Notice & Comment

D.C. Circuit Review: Reviewed – The First Thing We Do, Let’s Sue All the Judges

It’s not every day that every judge on the D.C. Circuit gets sued. And so, if nothing else, Klayman v. Rao was unusual. In that case, the plaintiff sued not only two D.C. District Court judges but also “all” – all! – “members of the United States Court of Appeals for the District of Columbia Circuit.” The District Court dismissed the suit and the D.C. Circuit affirmed. For obvious reasons, the panel included none of the members of the D.C. Circuit, but instead Judge Higginson of the Fifth Circuit, Judge Erickson of the Eighth Circuit, and Senior Judge Sack of the Second Circuit. The plaintiff’s suit failed for lack of jurisdiction. And because of issue preclusion. And because the plaintiff, who requested equitable relief, had an adequate remedy at law. Three strikes, they say ….

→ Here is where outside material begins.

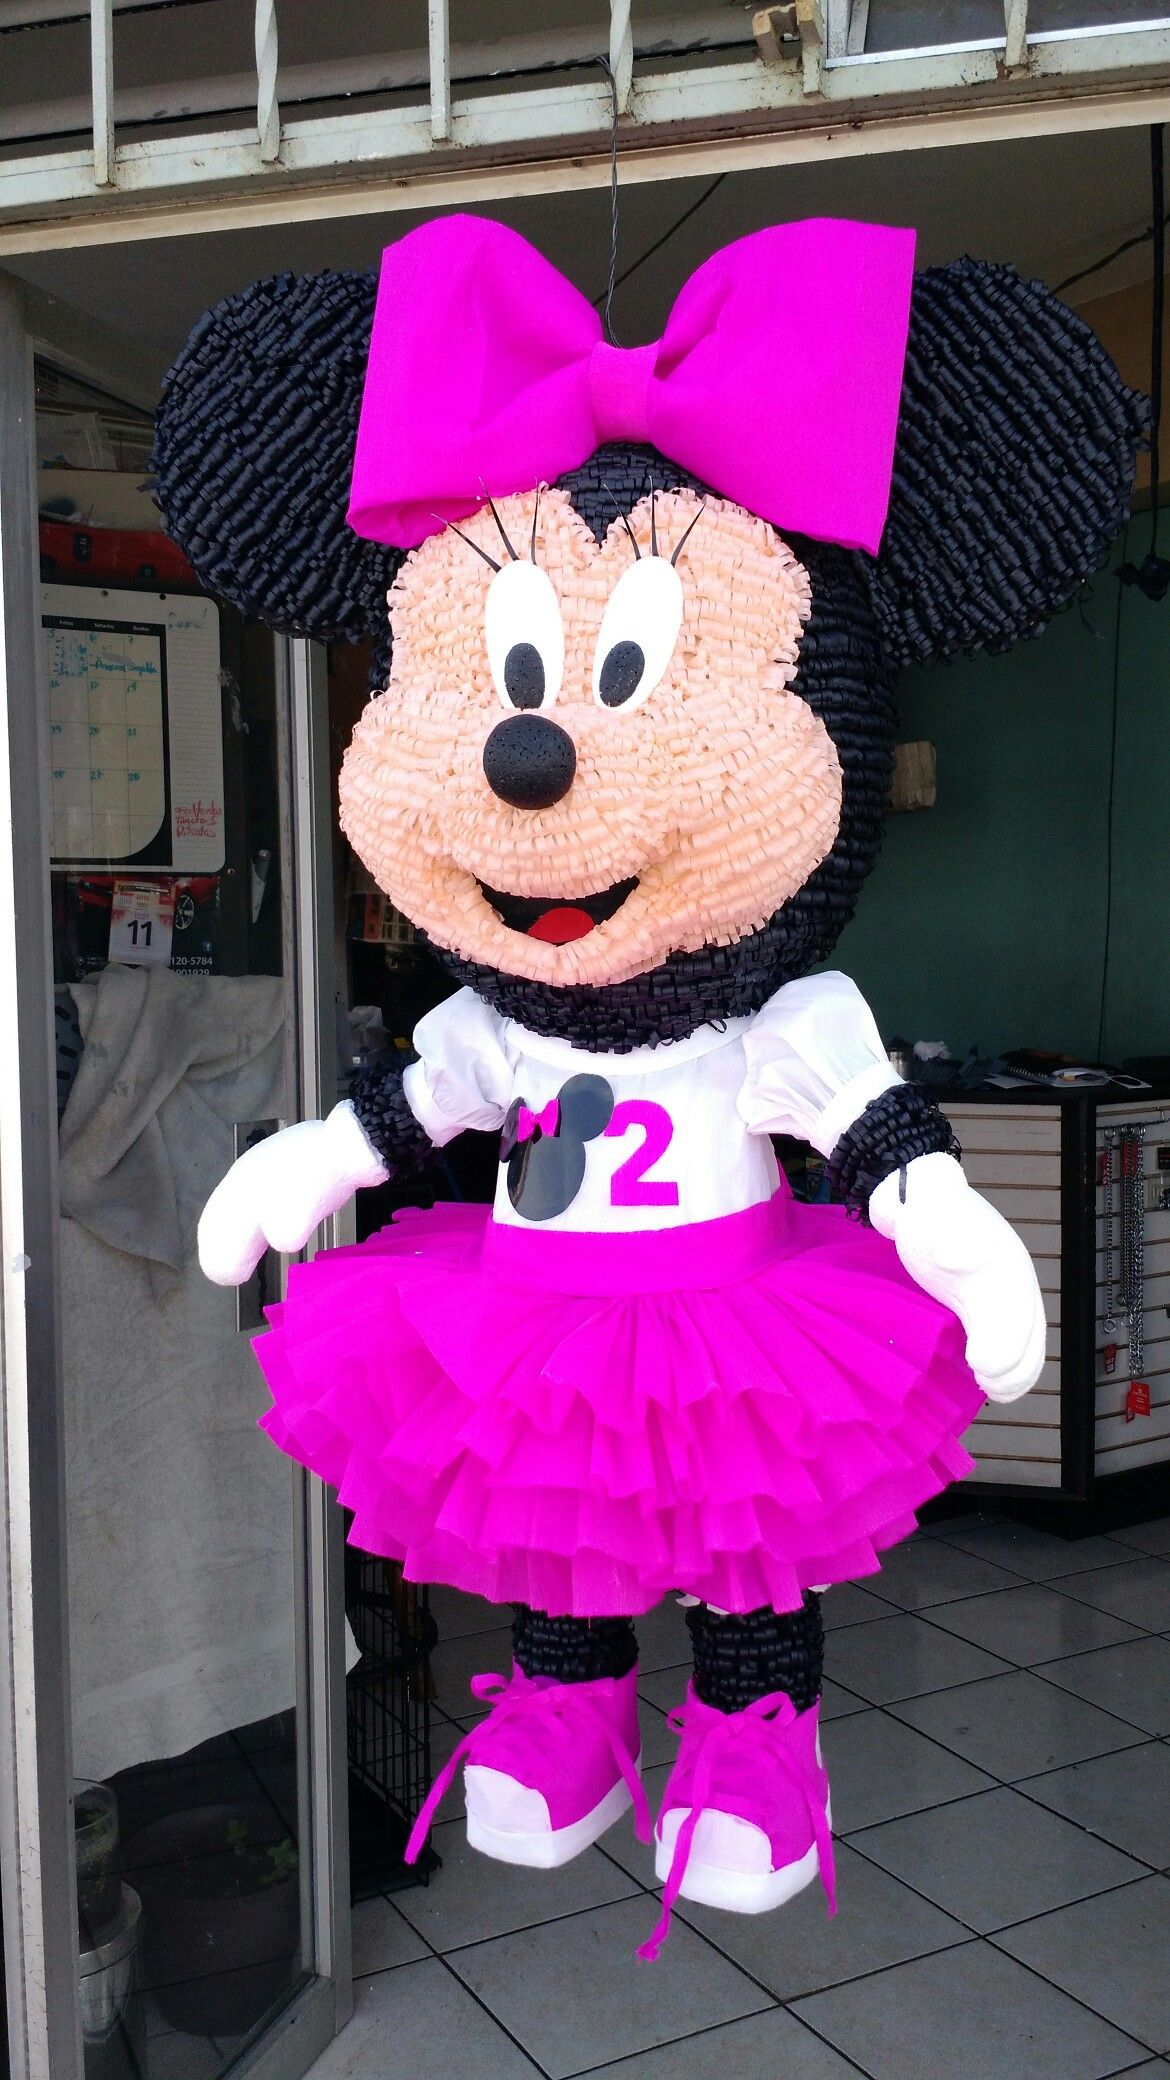 Piñata Minnie Mouse | piñatas | Pinterest | Pinata basteln und Basteln
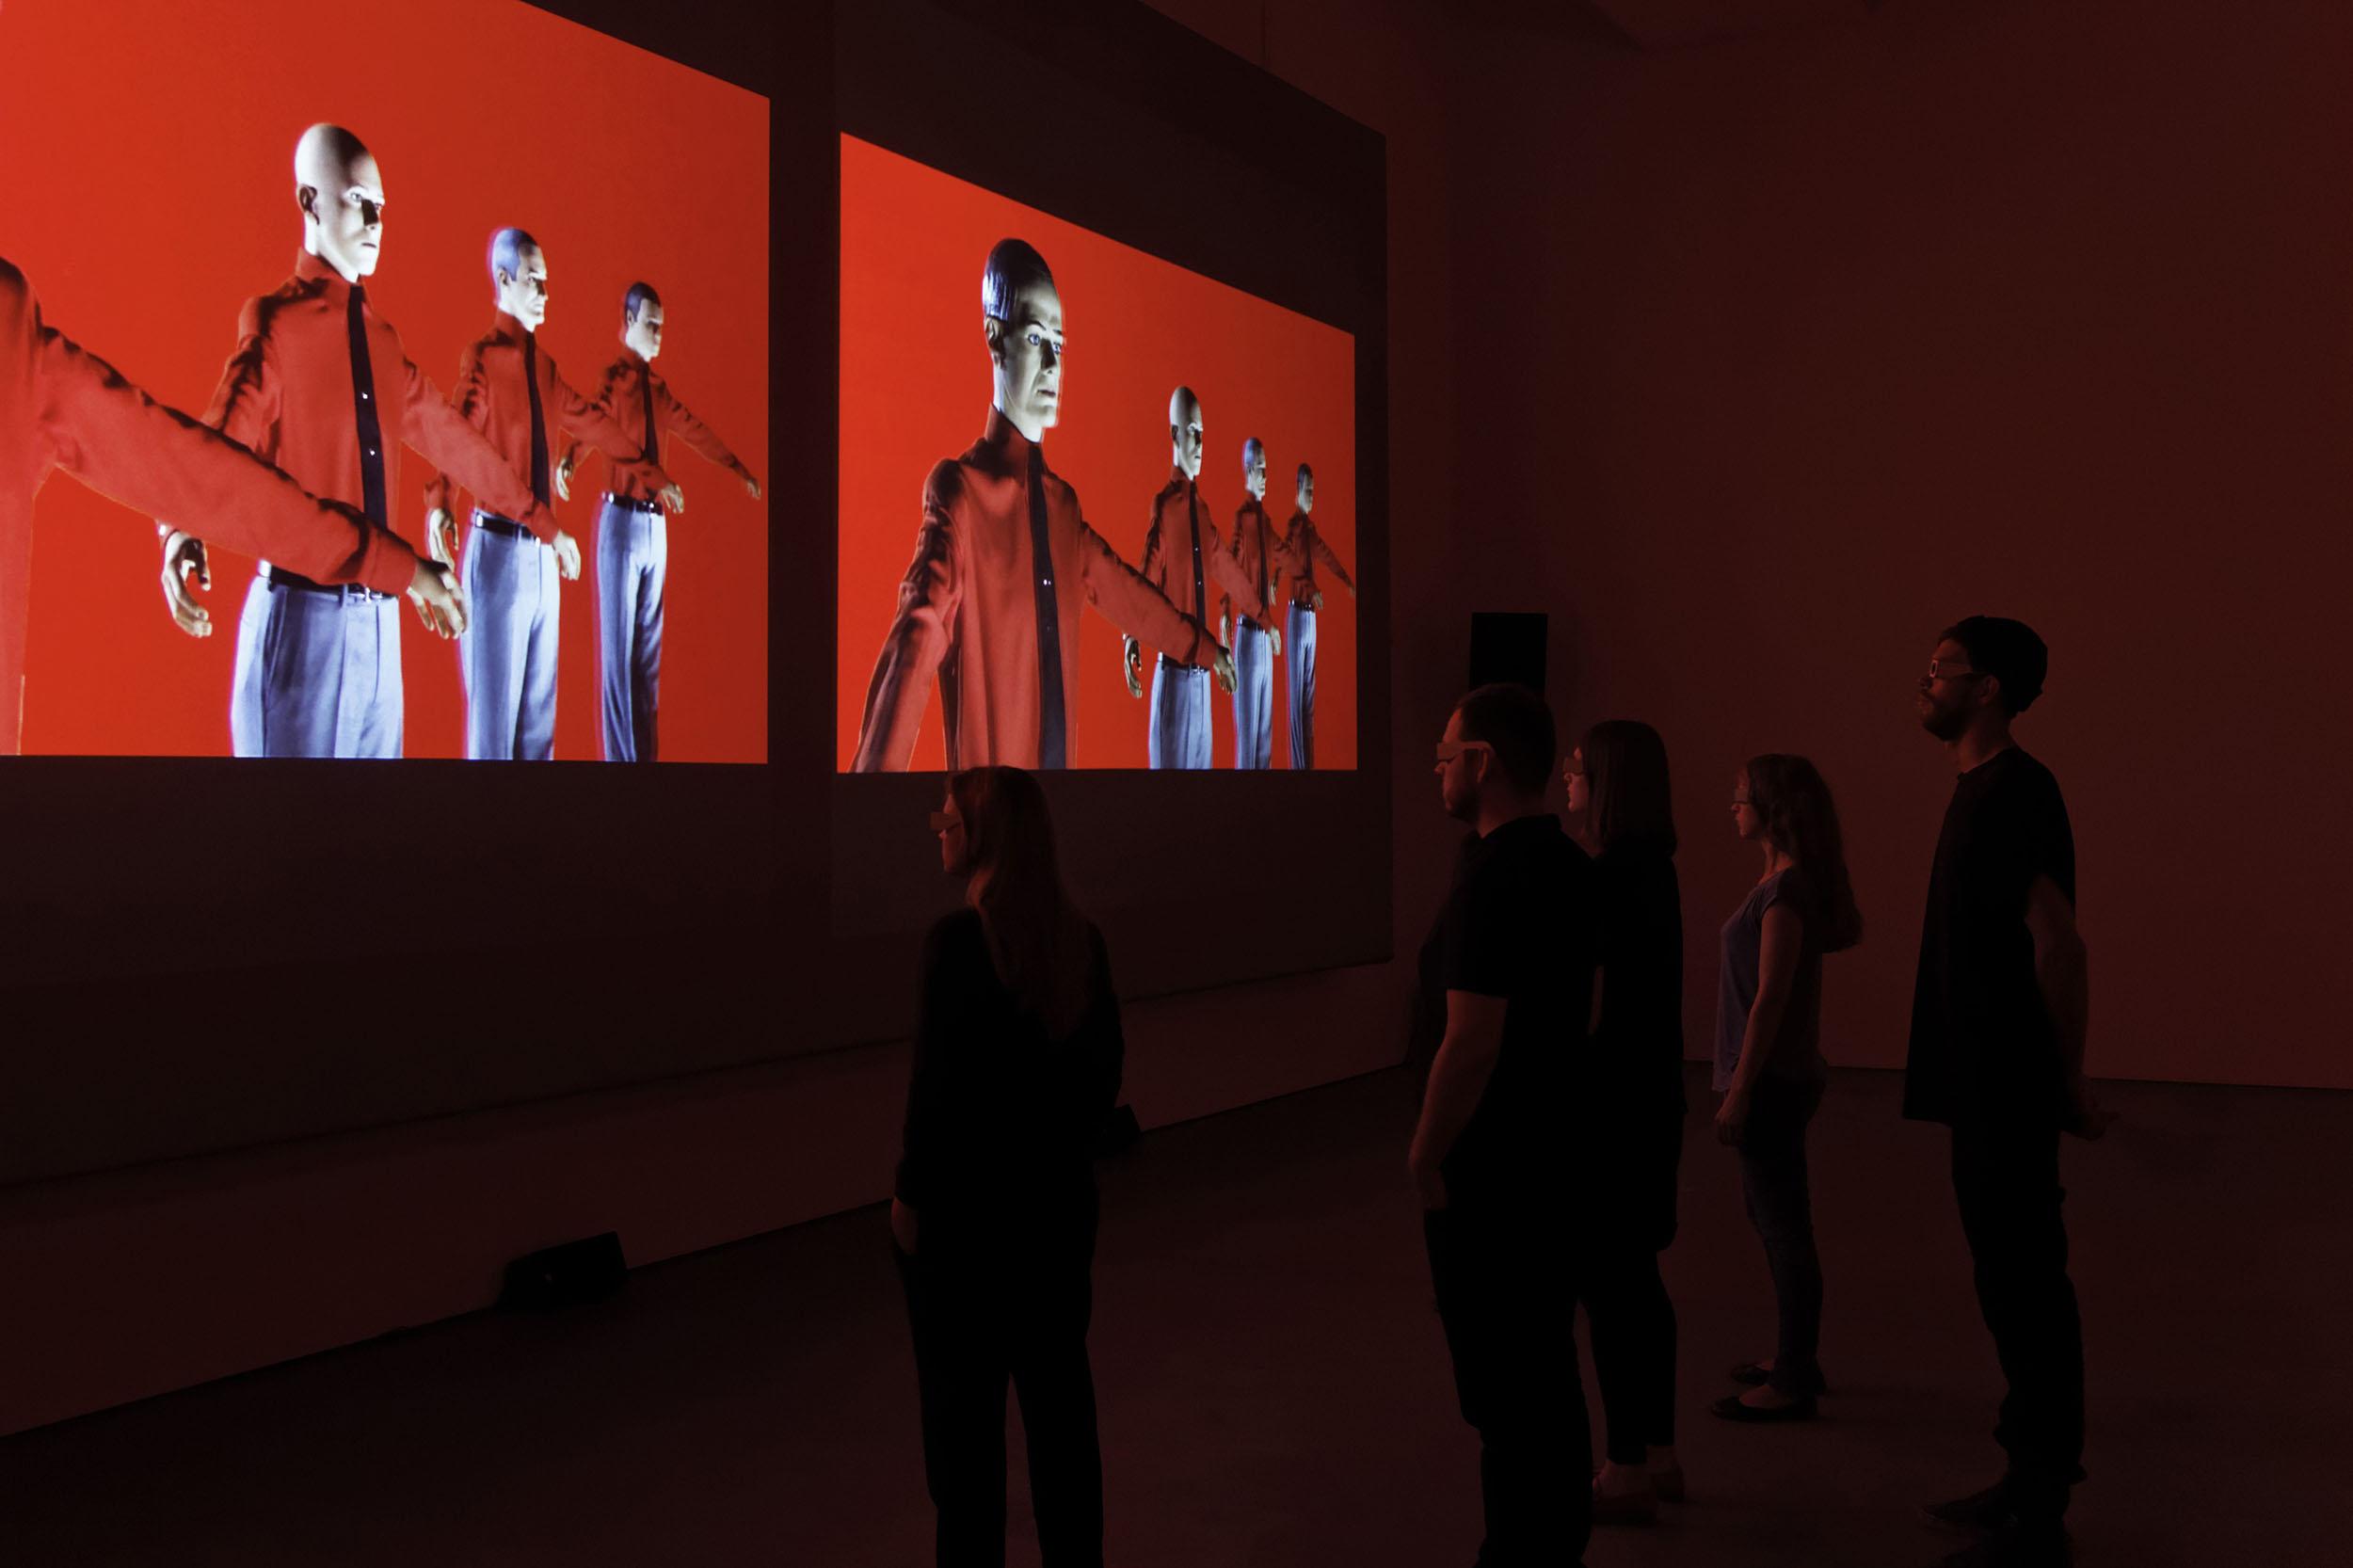 Kraftwerk. 3-D Video-Installation 12345678 - Sprüth Magers Berlin, 2013

Speaking of Judge Rao (the captioned appellee in Klayman v. Rao), she wrote the opinion for the Court in Bernhardt v. Islamic Republic of Iran, an Antiterrorism Act (ATA) case. The ATA – not to be confused with the Alien Tort Statute (or ATS) – provides plaintiffs injured by acts of international terrorism with a right to civil recourse against those who caused their injuries and against those who aided and abetted the terrorist act or conspired to bring it about. The gist of the issues on appeal concerned the potential liability of financial institutions that allegedly were part of a “financing and support network” for al-Qaeda. In particular – and here is a connection with administrative agencies, if not administrative law – the plaintiff’s complaint alleged that various financial institutions evaded the Office of Foreign Assets Control’s (OFAC) “filter” that aims to block financial transactions with, among others, “state sponsors of terrorism” and “specially designated global terrorists.” Judge Rao, joined by Senior Judge Randolph, held that there was no personal jurisdiction over foreign financial institutions that allegedly had aided and abetted and conspired with al-Qaeda in a 2009 attack on Camp Chapman, a secret CIA base in Afghanistan. The panel also held that the plaintiffs had failed to state aiding and abetting claims against domestic affiliates of the foreign institutions. As Judge Rao summed it, “[w]hile the ATA creates liability for those who materially assist acts of terrorism, a successful claim requires a plausible connection” between those who allegedly provided assistance and those who committed the terrorist acts. Judge Wilkins, concurring in part and dissenting in part, would have held that the complaint provided the necessary connections for personal jurisdiction and aiding-and-abetting liability, especially in light of Congress’s aim when it amended the ATA in 2016 “to provide civil litigants with the broadest possible basis, consistent with the Constitution,” for obtaining recourse against those who materially aided terrorist activities.

The remaining two cases from the week concerned criminal procedure. United States v. Matthews is a reminder that because criminal defendants have a right to be present at sentencing, district court judges must state all discretionary conditions of supervised release to the defendant. United States v. Machado-Erazo, a reissued opinion, was more complicated, involving multiple defendants’ challenges to RICO convictions and sentences. The most interesting issue involved a government witness’s use of cell phone and cell tower records to offer “expert” opinion about the location of two defendants around the time of a murder. The panel, in an opinion by Judge Wilkins, concluded that the District Court should not have admitted the cell-site testimony about “specific distances and ranges of distances” because doing so violated Federal Rule of Criminal Procedure 16. And Federal Rule of Evidence 702. And Federal of Evidence 403. (Three strikes, as they say.) But – you likely can guess – the error was harmless. Judge Rogers wrote separately to emphasize that district courts need to be gatekeepers, letting sound science in while keeping “junk science” out. As she put it, “one-sided enforcement of the evidentiary and procedural rules would be troubling, especially in criminal cases where liberty is at stake.”